Intelligibility between varieties can be asymmetric; that is, speakers of one variety may be able to better understand another than vice versa. An example of this is the case between Afrikaans and Dutch. It is generally easier for Dutch speakers to understand Afrikaans than for Afrikaans speakers to understand Dutch.

In a dialect continuum, neighbouring varieties are mutually intelligible, but differences mount with distance, so that more widely separated varieties may not be mutually intelligible. Intelligibility can be partial, as is the case with Azerbaijani and Turkish, or significant, as is the case with Bulgarian and Macedonian.

==Types==
===Asymmetric intelligibility===
Asymmetric intelligibility refers to a relationship between two partially mutually intelligible languages in which one group of speakers has greater difficulty understanding the other language than vice versa, due to various linguistic or sociocultural factors. For example, if one language is related to another but has simplified its grammar, the speakers of the original language may understand the simplified language, but not vice versa. To illustrate, Dutch speakers tend to find it easier to understand Afrikaans as a result of Afrikaans's simplified grammar.

===Among sign languages===

Sign languages are not universal and usually not mutually intelligible, although there are also similarities among different sign languages. Sign languages are independent of spoken languages, have their own language families (see sign language families), and follow their own linguistic development over time. For example, British Sign Language (BSL) and American Sign Language (ASL) are mutually unintelligible, as BSL developed locally in Britain whereas ASL is from the Francosign family due to the early work of educator Thomas Hopkins Gallaudet and the American School for the Deaf.

The grammar of sign languages does not usually resemble that of the spoken languages used in the same geographical area. To illustrate, in terms of syntax, ASL shares more in common with spoken Japanese than with English.

==As a criterion for distinguishing languages==

Some linguists use mutual intelligibility as the primary linguistic criterion for determining whether two speech varieties represent the same or different languages.

A primary challenge to this view is that speakers of closely related languages can often communicate effectively when they choose to. For example, in the case of transparently cognate languages recognized as distinct such as Spanish and Italian mutual intelligibility is neither binary nor absolute, but exists along a spectrum, influenced by numerous speaker-specific and contextual variables.
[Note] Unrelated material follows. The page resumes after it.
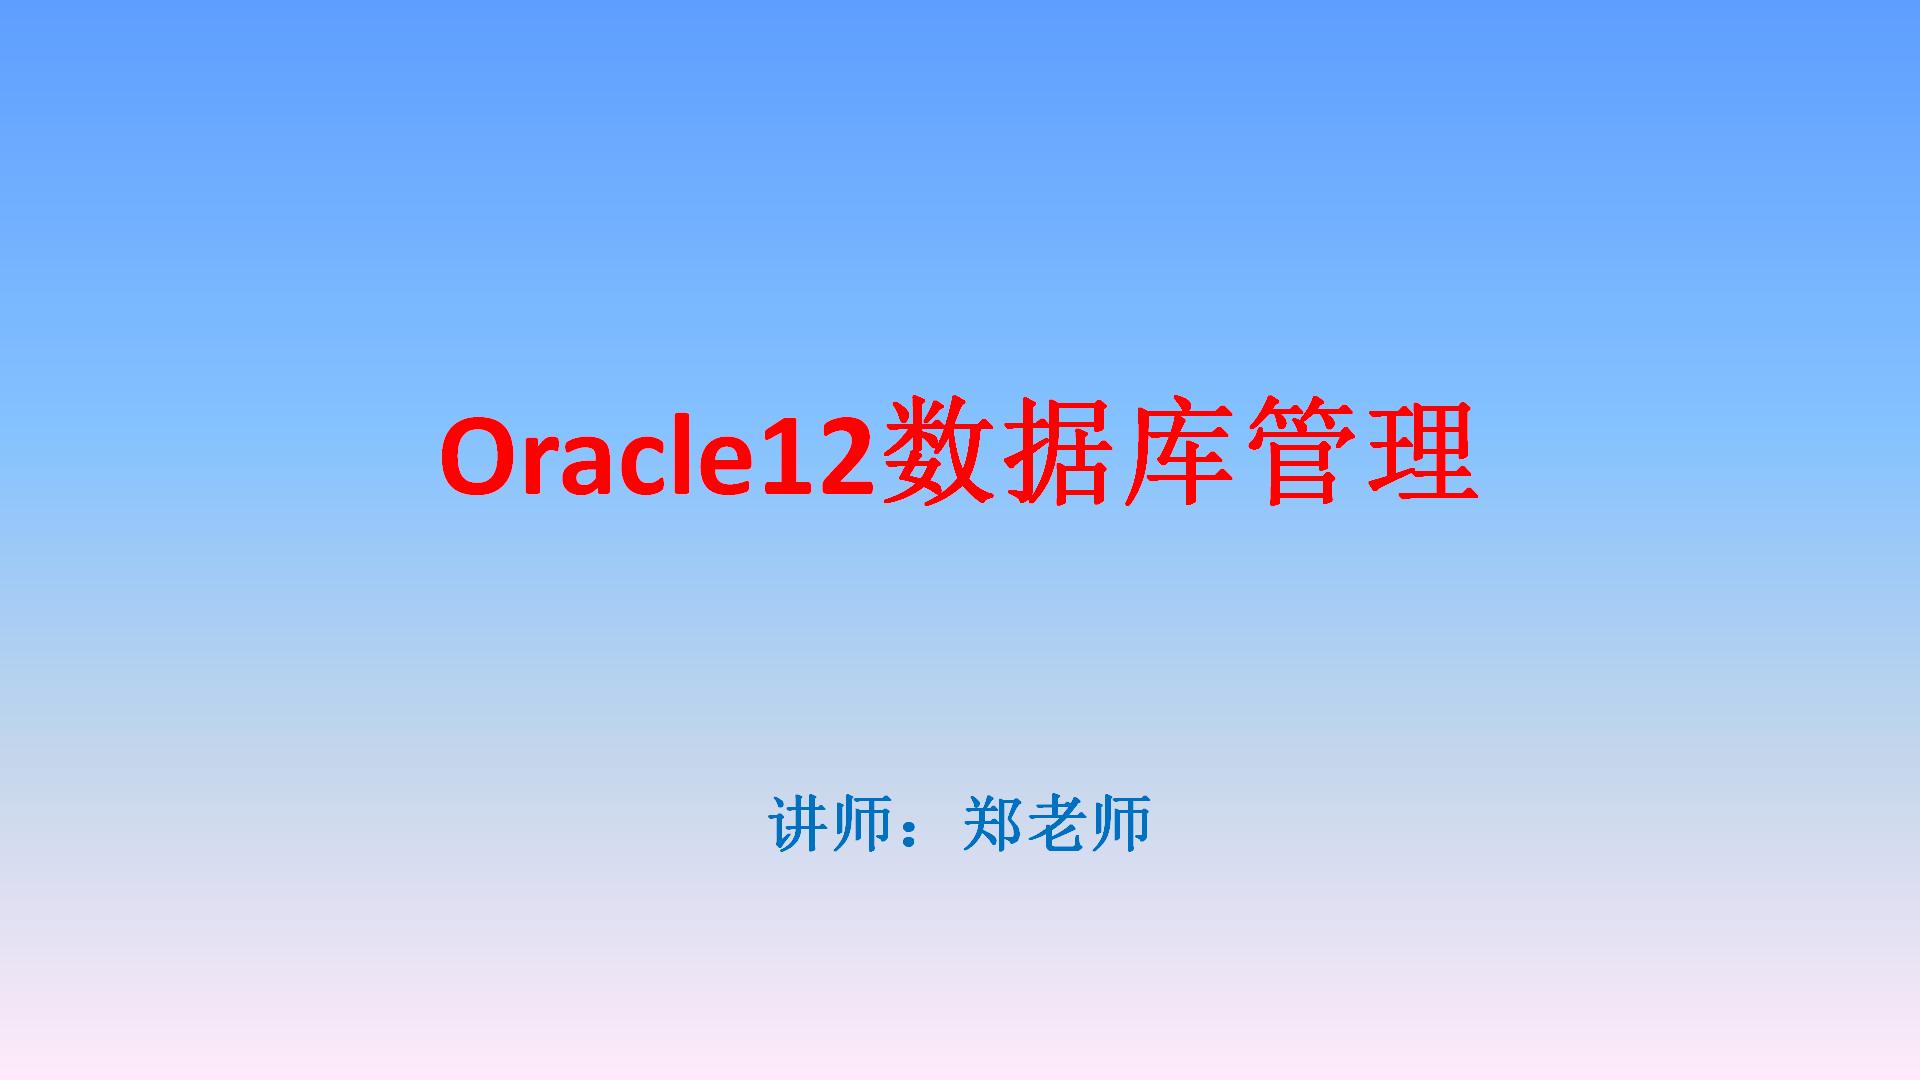 Oracle12数据库管理/DBA/数据库工程师培训

Classifications may also shift for reasons external to the languages themselves. As an example, in the case of a linear dialect continuum, the central varieties may become extinct, leaving only the varieties at both ends. Consequently, these end varieties may be reclassified as two languages, even though no significant linguistic change has occurred within the two extremes during the extinction of the central varieties.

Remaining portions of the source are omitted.